The farm contained the original nine thousand acres within the hills, but it now controlled an additional sixteen thousand acres to which he did not have legal title, but which his Coloured stockmen could use in herding cattle and flocks of sheep. Although he rarely saw much formal money, he had made himself into a man of considerable wealth and could look forward to a prosperous and placid old age.
Of course, most Boers grumbled about the English administration, its creeping modifications of law and custom, but such complaints were offset by the fact that the stalwart English settlers were now sharing the dangers of frontier life.
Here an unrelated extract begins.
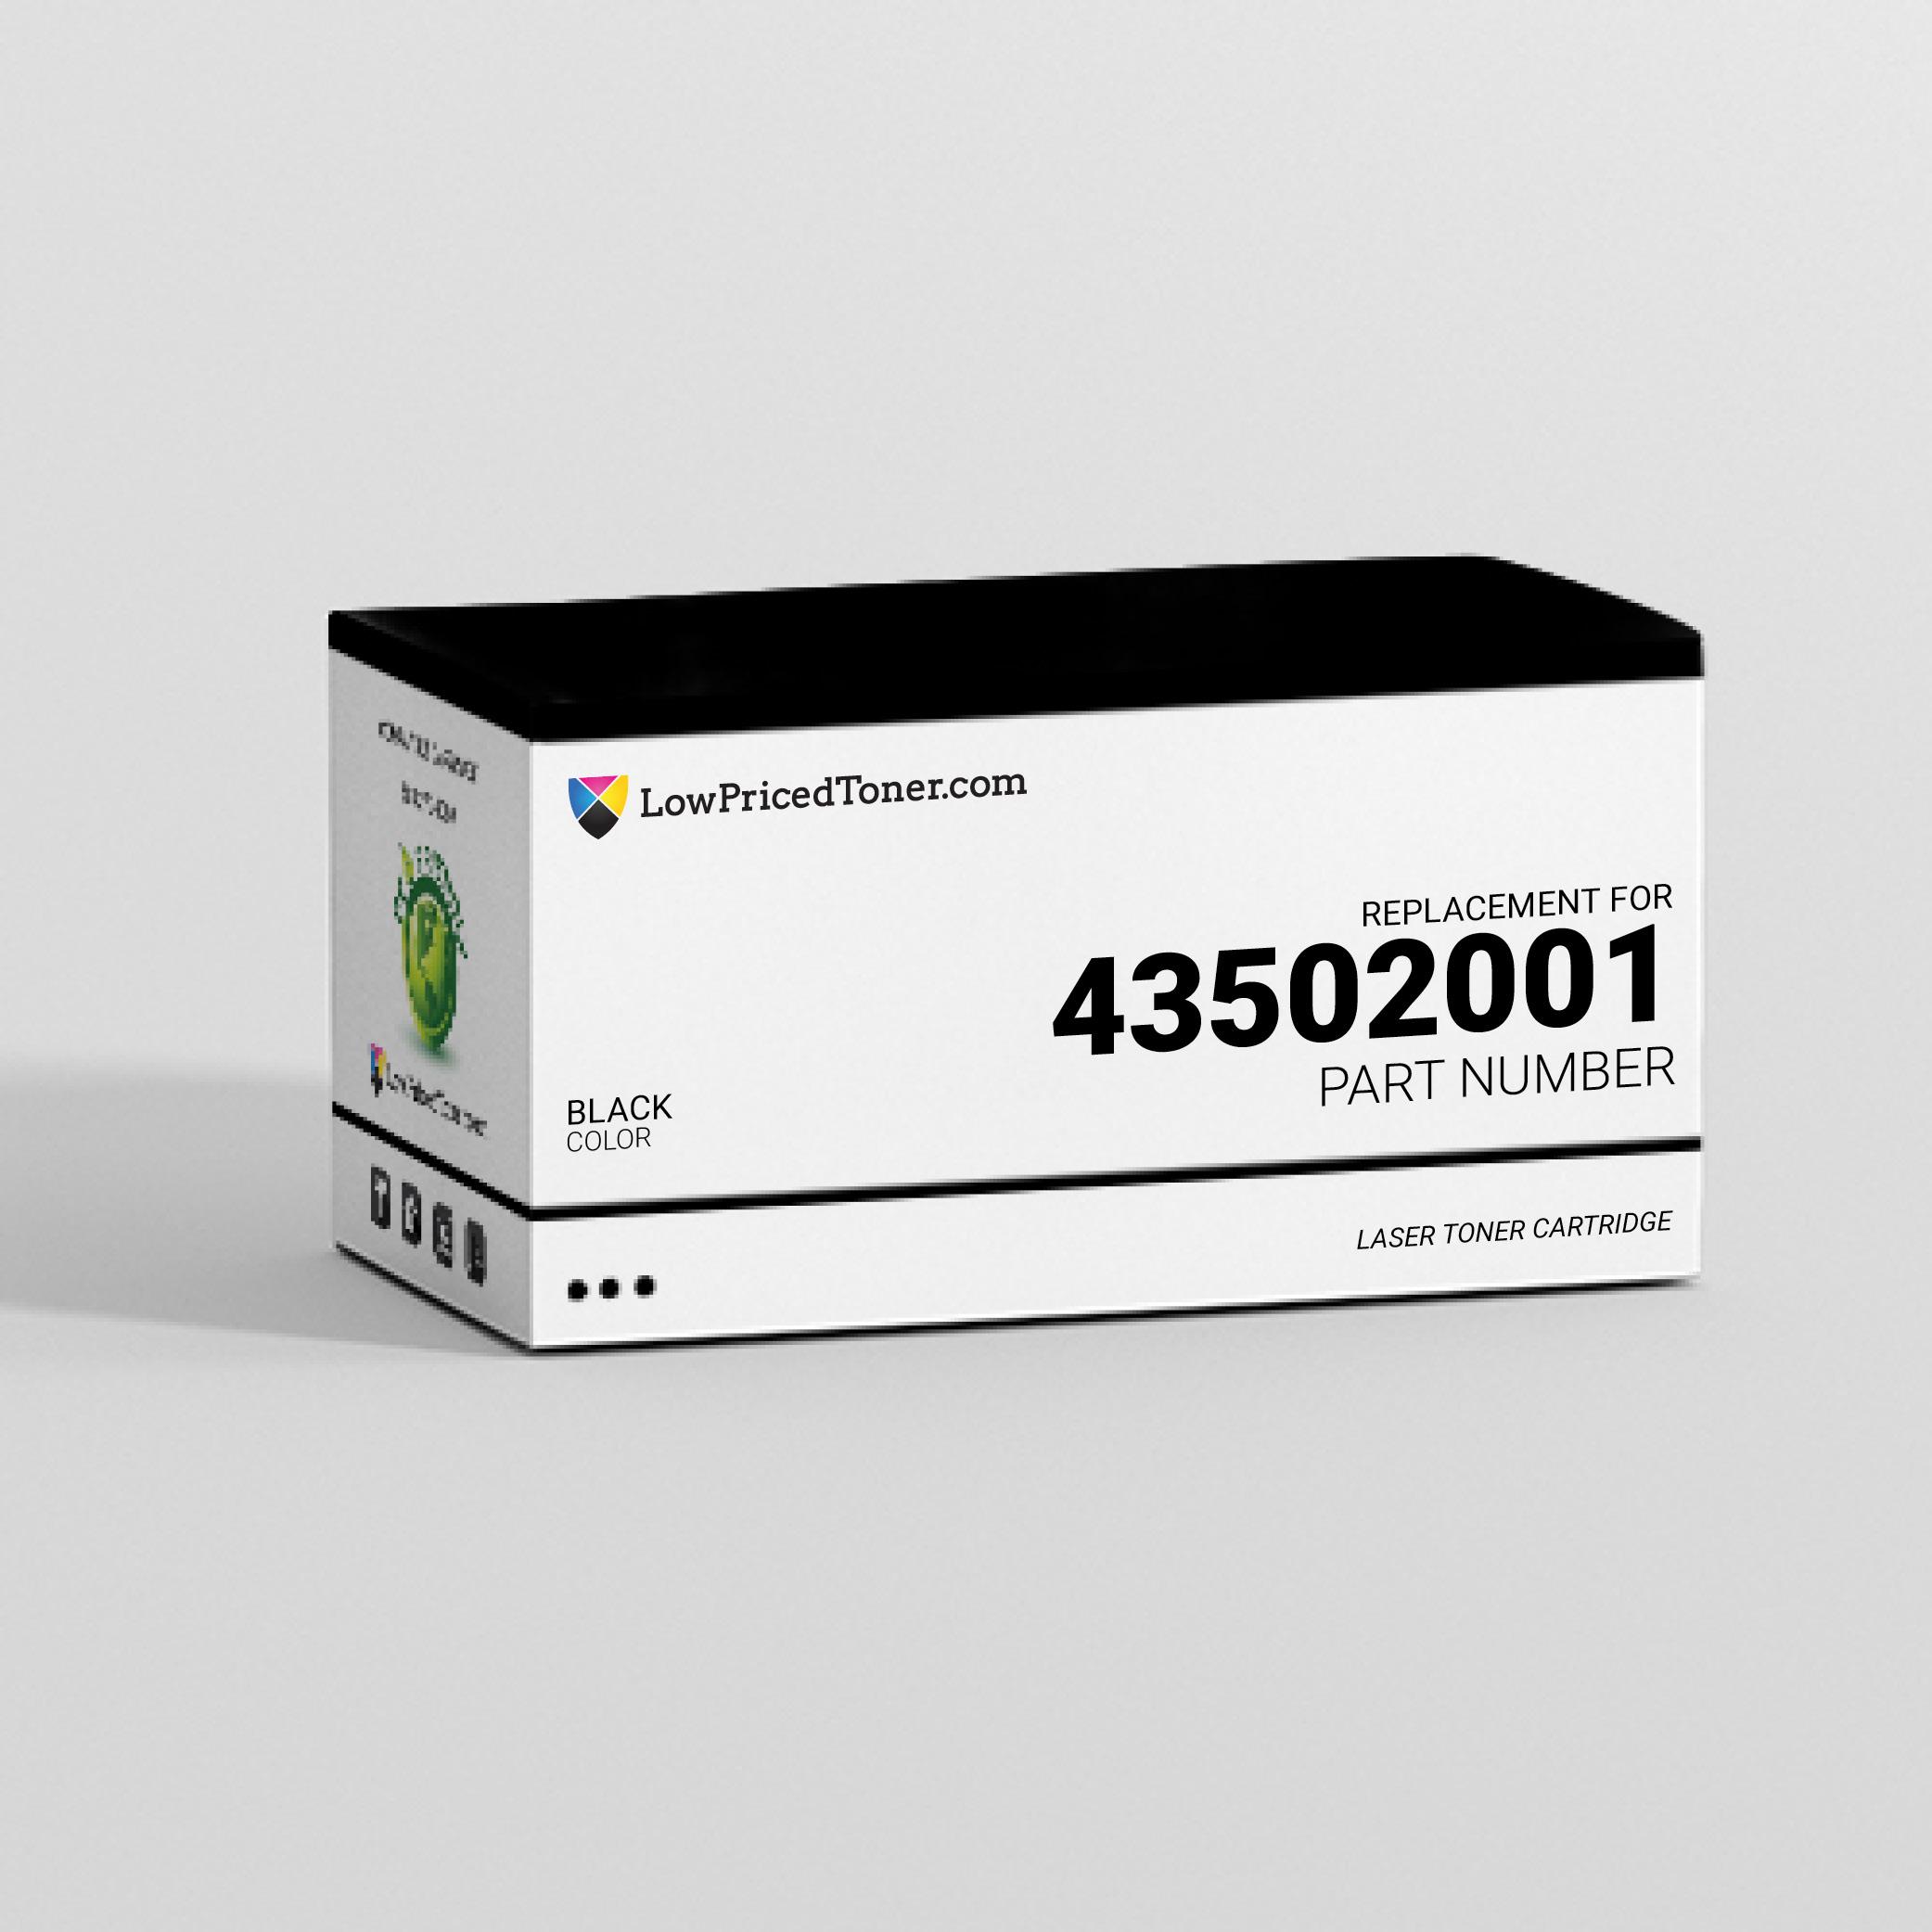 Okidata 43502001 Compatible Black Laser Toner Cartridge

The struggle had been harsh, as one Englishman noted in his diary:
My wheat, two months ago the most promising I ever saw, is now cut down and in heaps for burning. The rust has utterly destroyed it. My barley, because of a grub which attacks the blade and the drought, produced little more than I sowed. All my other crops have practically been destroyed by the caterpillar and lice. My cows are dry from want of grass. Twenty of my flock of twenty-seven sheep were killed in a single night by a pack of wild dogs. My little girl has been bitten by a snake. I stood for a moment thinking of my misery, of my dying child, of my blasted crops, of my ruined flocks. God’s will be done! I have need of fortitude to bear up against such accumulated misery.
And always there were the blacks invading the lands of Boer and Englishman alike. Tjaart, veldkornet of his district, had frequently taken his men to Grahamstown to help those settlers repel cattle
raiders, and in many actions, had fought beside Richard Saltwood, ivory merchant, and Thomas Carleton, master wagon builder. He had found them an honorable pair and had invited them to hunting parties at De Kraal. Saltwood had proved himself not only a fine shot but a congenial guest who lacked all the mannerisms that irritated the Boers. He had even told Tjaart on departing at the end of the last hunt, “This must be the best farm I’ve ever seen,” and with that he handed Mevrouw Jakoba two bottles of Trianon wine he had been hoarding.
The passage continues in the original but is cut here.